Amit, E.; Dery, L.; Dery, S.; Kim, S.; Roy, A.; Hu, Q.; Gutkin, V.; Eisenberg, H.; Stein, T.; Mandler, D.; et al. Electrochemical Deposition of N-Heterocyclic Carbene Monolayers on Metal Surfaces. Nat. Commun. 2020, 11 (1), 1–10.
Daniel Sharon
Nano-Structured Polymer Electrolyte Mixtures for High Energy Density Batteries
Solid-state batteries with high energy density have the potential to accelerate the electrification revolution. However, due to performance issues and inherent safety concerns, they remain only a promise. We will discuss the possibility of using solid-state polymer electrolyte mixtures to improve performance and address safety concerns in these promising systems. We will go over some of the efforts to understand the ionic transport mechanisms within these structured systems and how they can be used to address the challenges associated with high-energy-density batteries.
Ralfy Kenaz
Measuring thicknesses of single to few atomic layers with a generic optical microscope
Ellipsometers use polarized light from an incoherent broadband source to measure atomic-level precise thicknesses and optical properties of thin films, among many other measurable parameters. Although ellipsometry is widely used in industry and research, its effective use on microstructures is constrained by its low lateral resolution of tens-of-microns or very slow data acquisition beyond this resolution. In this talk, I will present a novel system and method [1] for performing in situ ellipsometry measurements in a generic optical microscope with high lateral resolution of sub-5 microns and record-fast data acquisition [2]. The accuracy of the proposed method is validated to be on par with commercial ellipsometers. The developed instrument is used for measuring angstrom-level precise thicknesses and consequently the number of atomic layers of exfoliated two-dimensional van der Waals materials having micron-scale lateral dimensions [3]. The instrument successfully identifies highly transparent flakes up to monolayer hBN, a challenging proposition for other characterization tools. The optical microscope integrated ellipsometer can also map minute variations in thickness and optical properties over a micron-scale flake, revealing its lateral inhomogeneity. The prospect of adding standard optical elements to augment generic optical imaging and spectroscopy setups with accurate in situ ellipsometric mapping capability presents new opportunities for investigation of microstructures that are abundant in nanotechnology and nanoscience.

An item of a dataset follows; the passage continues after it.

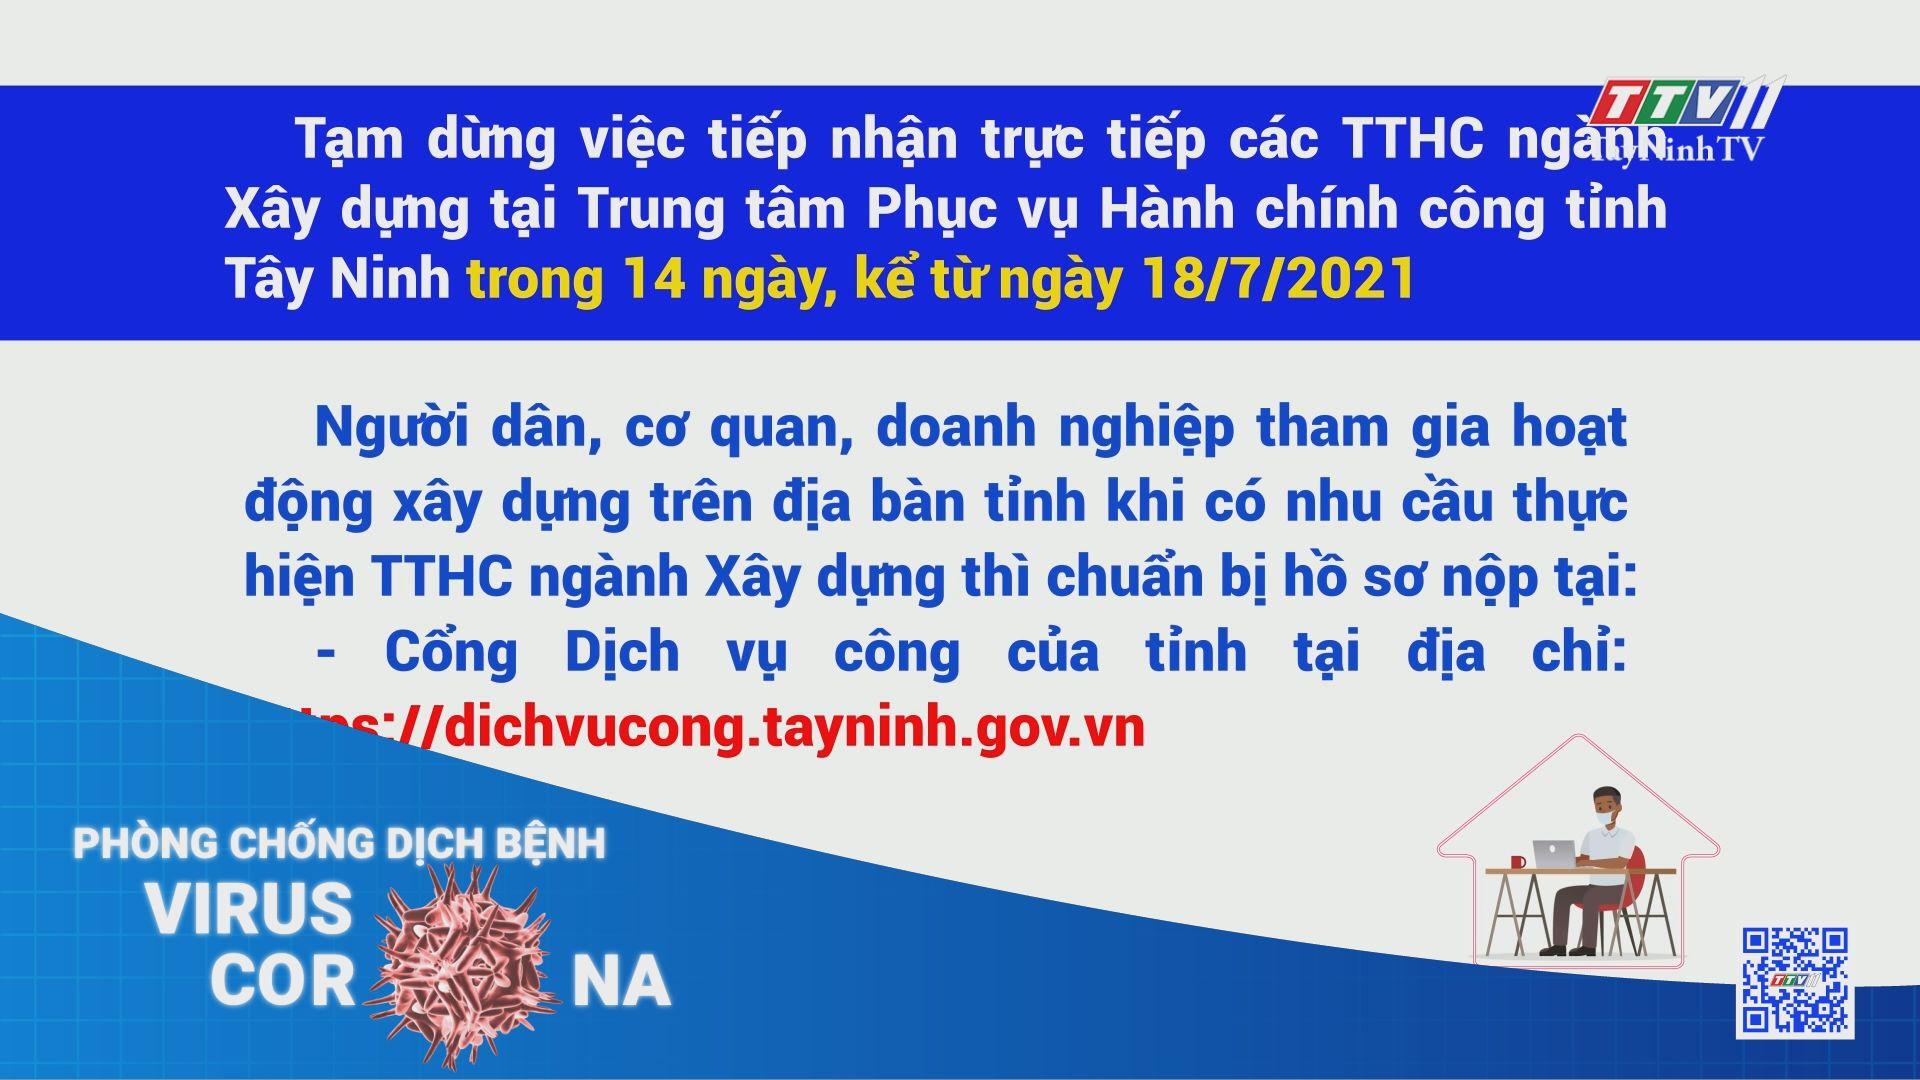 Tạm dừng việc tiếp nhận trực tiếp các TTHC ngành Xây dựng tại Trung tâm Phục vụ Hành chính công tỉnh Tây Ninh   THÔNG TIN DỊCH COVID-19   TayNinhTV

[1] Ralfy Kenaz and Ronen Rapaport, U.S. Patent 11,262,293 B2 (2022).
[2] Ralfy Kenaz and Ronen Rapaport. Review of Scientific Instruments 94 (2), 023908 (2023).
[3] Ralfy Kenaz et al. ACS Nano 17 (10), 9188–9196 (2023).
Prof. Ofra Benny
Precision nanomedicine for targeted cancer therapy and diagnostics
The integration of engineering with biology led to recent breakthroughs in medicine which are expected to improve human wellbeing and lifespan. Nanomedicine introduces new tools to fight complex diseases such as cancer, which is the leading cause of death worldwide. Interactions between nanomaterials and living cells or tissues are critical for the efficacy of drug delivery. This issue is especially critical in cancer since chemotherapy drugs are toxic and can detrimentally affect healthy tissue. By controlled fabrication of nanoparticle drug carriers we can better target and focus therapy, improving drug efficacy and reducing adverse side effects. Combining advanced fabrication techniques with AI-based algorithms enables the design of personalized nanomaterials for optimal therapy delivery. The nanoparticles can be also controlled remotely by using magnetic actuated nanomaterials based on metal-polymer hybrids that were shown to improve drug targeting in cancer and introduce synergistic multi-arm therapy. Finally, by using advanced microfluidic techniques for “tumor on a chip” platforms, we can measure the effects of drugs and nanotherapeutic therapies on patient-derived tissues to provide personalized drug selection tool prior to clinical testing.